Assigned task: Some entries follow. Reproduce exactly the lines starting at the one with "Die Niederlande, Nagele, Farmen" and stopping after the one with "Panneaux solaires sur".
━━ Records provided
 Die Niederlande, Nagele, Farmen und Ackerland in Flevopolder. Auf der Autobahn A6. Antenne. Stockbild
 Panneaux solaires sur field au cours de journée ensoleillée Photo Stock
━━━━
━━ Records provided
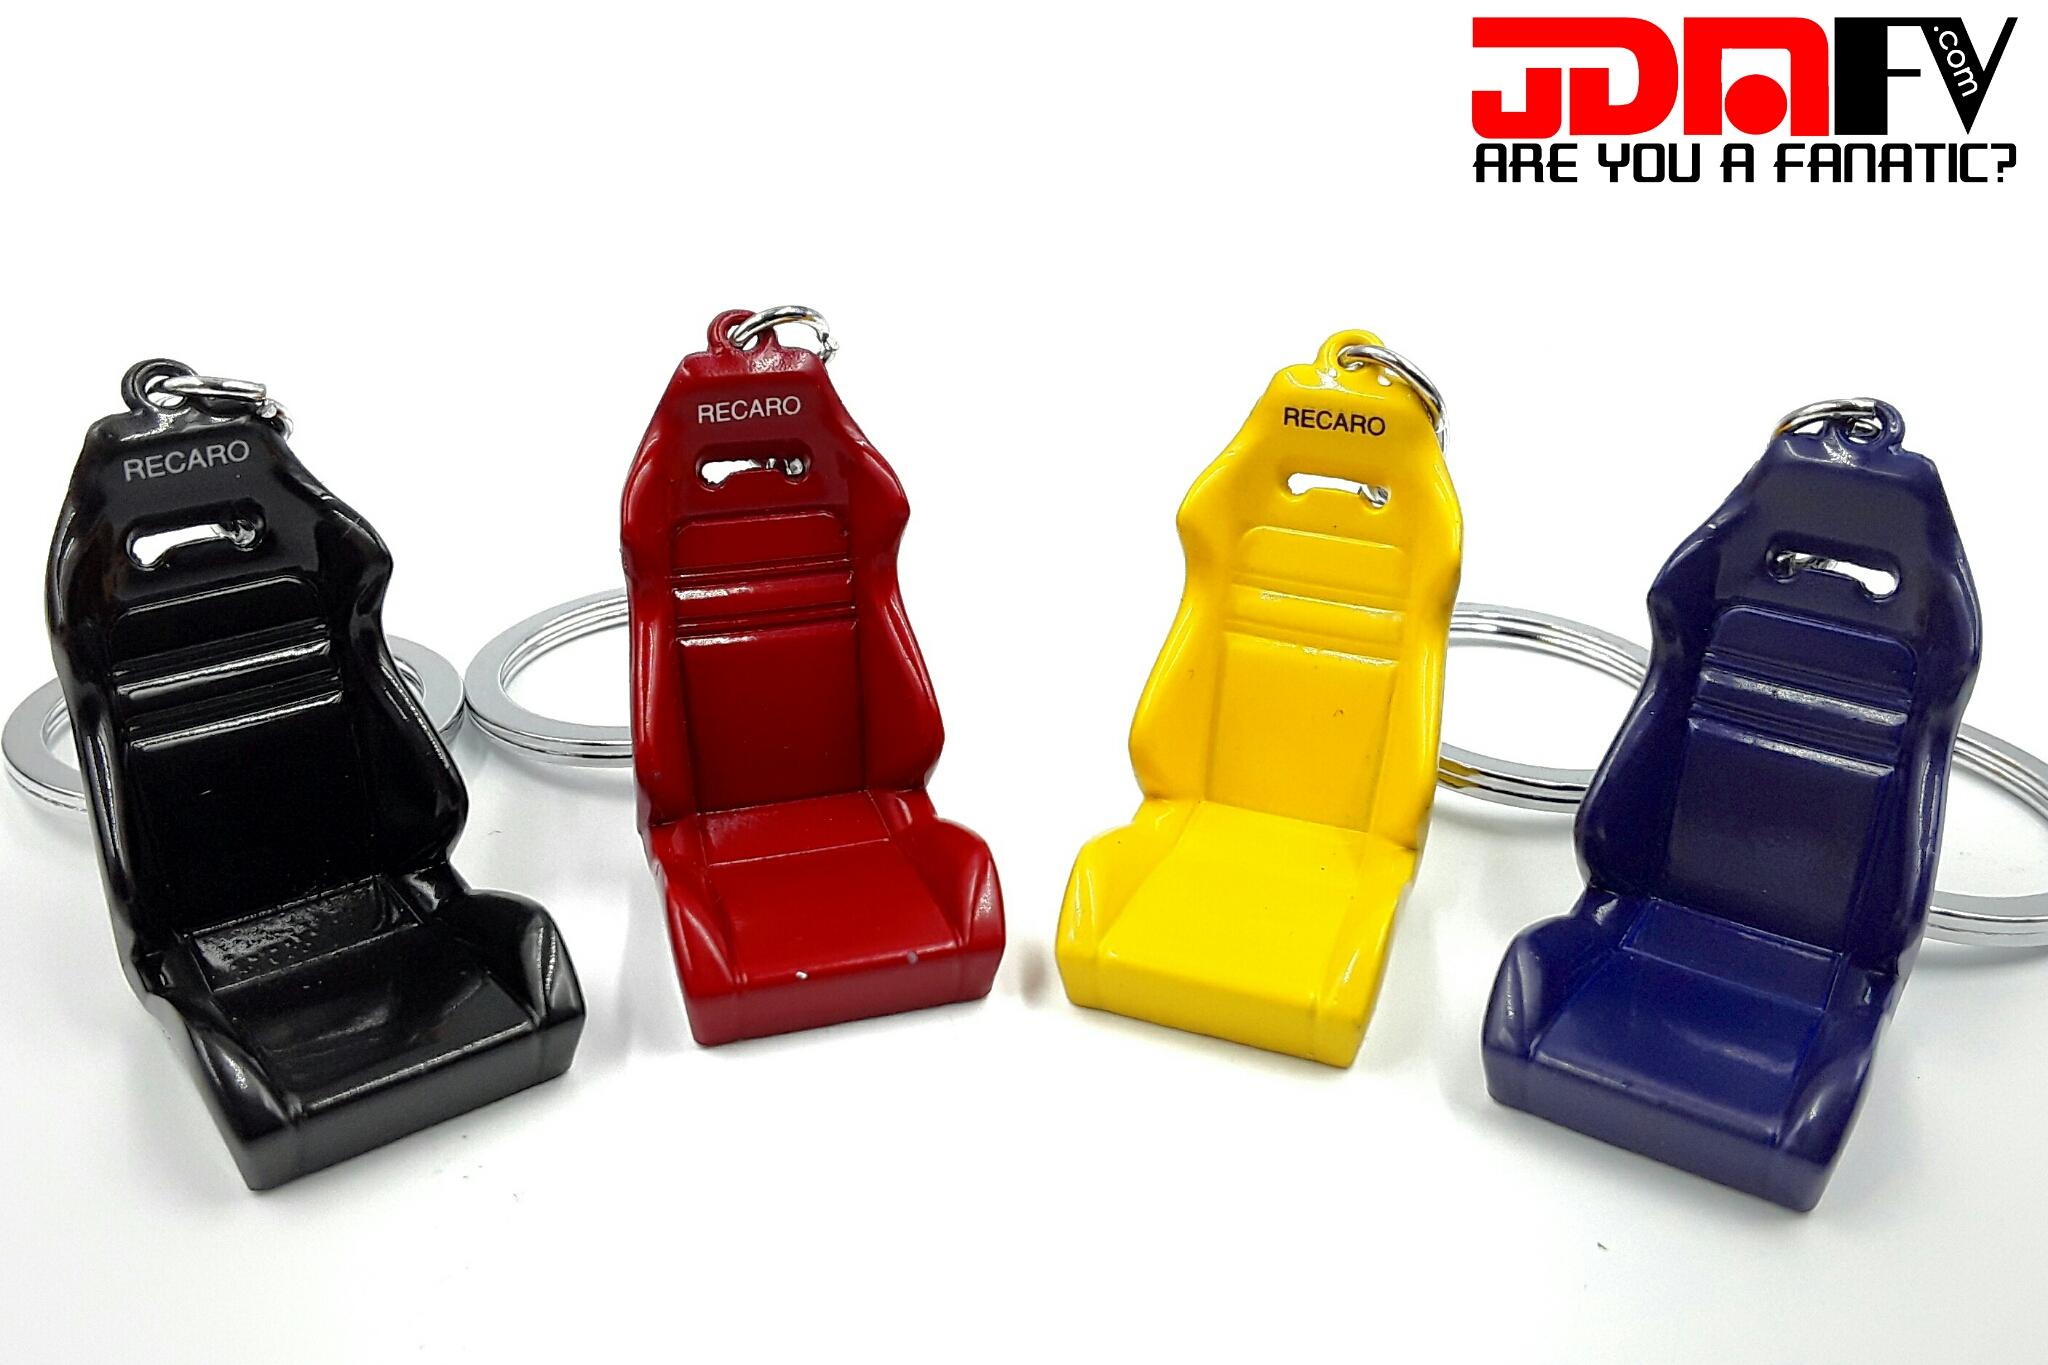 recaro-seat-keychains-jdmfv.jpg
━━━━
━━ Records provided
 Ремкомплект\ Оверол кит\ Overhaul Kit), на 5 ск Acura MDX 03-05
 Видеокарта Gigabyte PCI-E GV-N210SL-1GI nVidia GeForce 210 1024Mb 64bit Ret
━━━━
Task solution:
 Die Niederlande, Nagele, Farmen und Ackerland in Flevopolder. Auf der Autobahn A6. Antenne. Stockbild
 Panneaux solaires sur field au cours de journée ensoleillée Photo Stock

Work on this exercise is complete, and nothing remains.